Best reasons to choose USA over Portugal
Portugal’s residence-by-investment scheme has been marketed prolifically in South Africa in the last two years. It is similar to the U.S. EB-5 program in some ways; and if you choose to invest in “the arts” or in “research activities”, the minimum investment amount is slightly lower than the U.S program. But investors need to be cautious about the Portugal program and the economic environment they’re investing in.
Portugal’s economy is currently rated 47th in the world according to the IMF – compared to the U.S. which is the world’s number one economy. For perspective, South Africa’s economy is ranked at 39th place, eight rungs higher than Portugal. Ask yourself: would you invest in the arts or in research activities in South Africa?
Property is another investment option in Portugal, but again, you need to consider the economic climate, Portugal’s property market, and the risks of capital loss. With Brexit looming, who knows what will happen to the EU in the next 5 years – which is the minimum investment term in Portugal’s visa program. Geopolitical events could have a dramatic impact on any investment in the country, and particularly property. It may also affect freedom of travel within the EU, which is one of this program’s main selling points.

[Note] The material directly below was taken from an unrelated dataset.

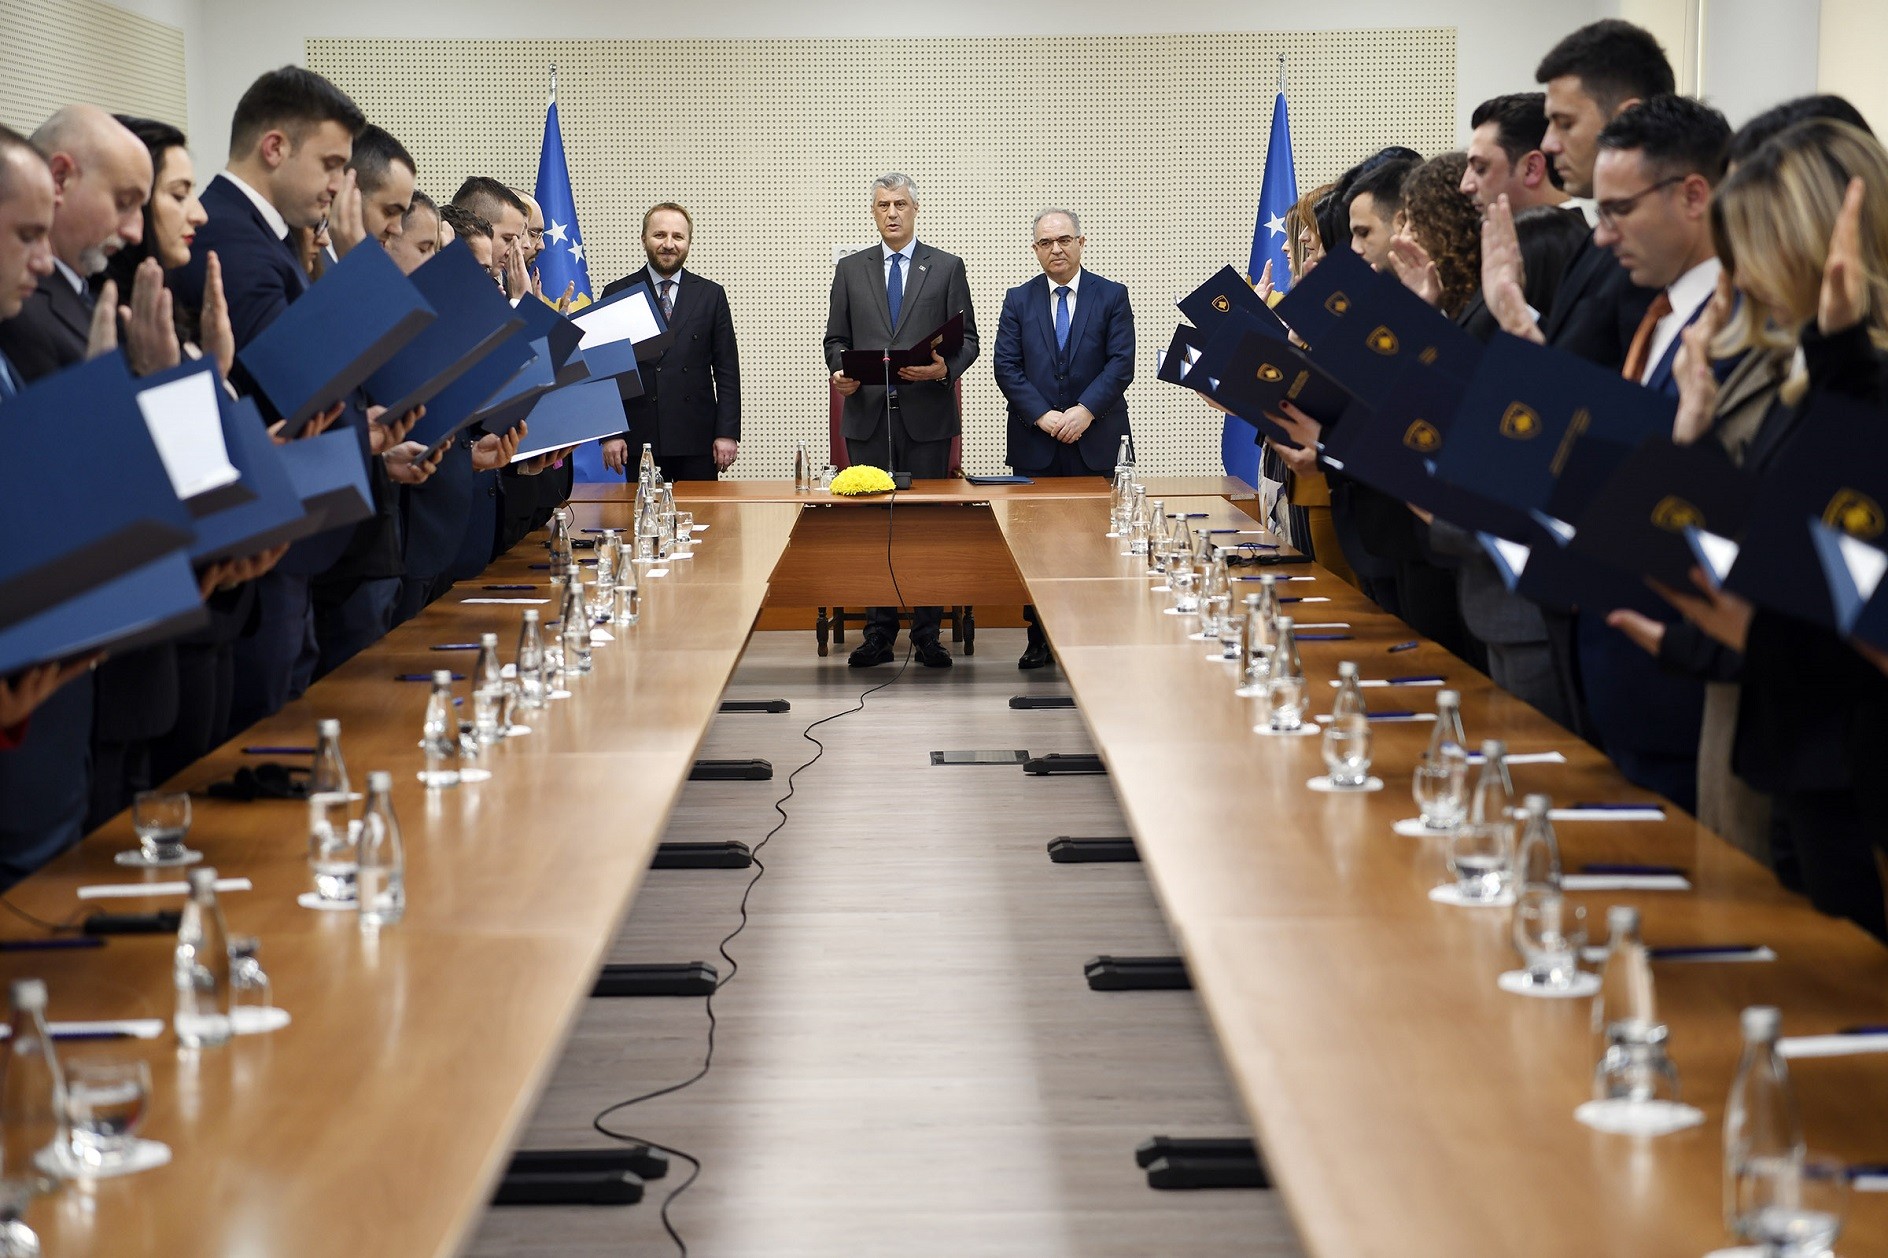 Dekretohen dhe betohen 37 gjyqtarë të rinj të Republikës së Kosovës

Property assets can be risky
Some European programs are (wrongly) perceived as “less risky” by South Africans, because in many cases you invest directly in property. In other words, you buy and own real estate in the country you’re seeking to gain residency. This gives investors a (false) sense of security. While they are buying a physical asset, and buying a property is probably something they’ve probably done before, what investors aren’t always aware of is that the property markets in these countries are a lot more volatile than what they’re used to in South Africa. The Greek property market, for example, is down 45% since 2008. On top of this, there are ever-increasing property taxes levied. For example, in 2015, over 45,000 Greeks refused to accept the properties they inherited, due to the heavy taxes levied on properties.
LCR’s current EB-5 offering, the Surf Club Four Seasons Hotel and Residences, on the other hand, is highly collateralized debt investment in a prestigious and exclusive real estate development. You invest $500,000, which we anticipate should be returned to you after 5 years. You are then free to do what you like with your money, without the worry of having to sell a property, or pay property taxes. We believe this is a lower-risk, and certainly lower-hassle, option for investors who are looking to emigrate.
And of course, if you’re looking to make a life overseas rather than simply gain a second passport, America is the obvious choice. It offers many of the best schools and universities in the world, it’s an easy cultural fit for South Africans, you gain access to the world’s biggest economy, and the lifestyle is safe and secure compared to South Africa.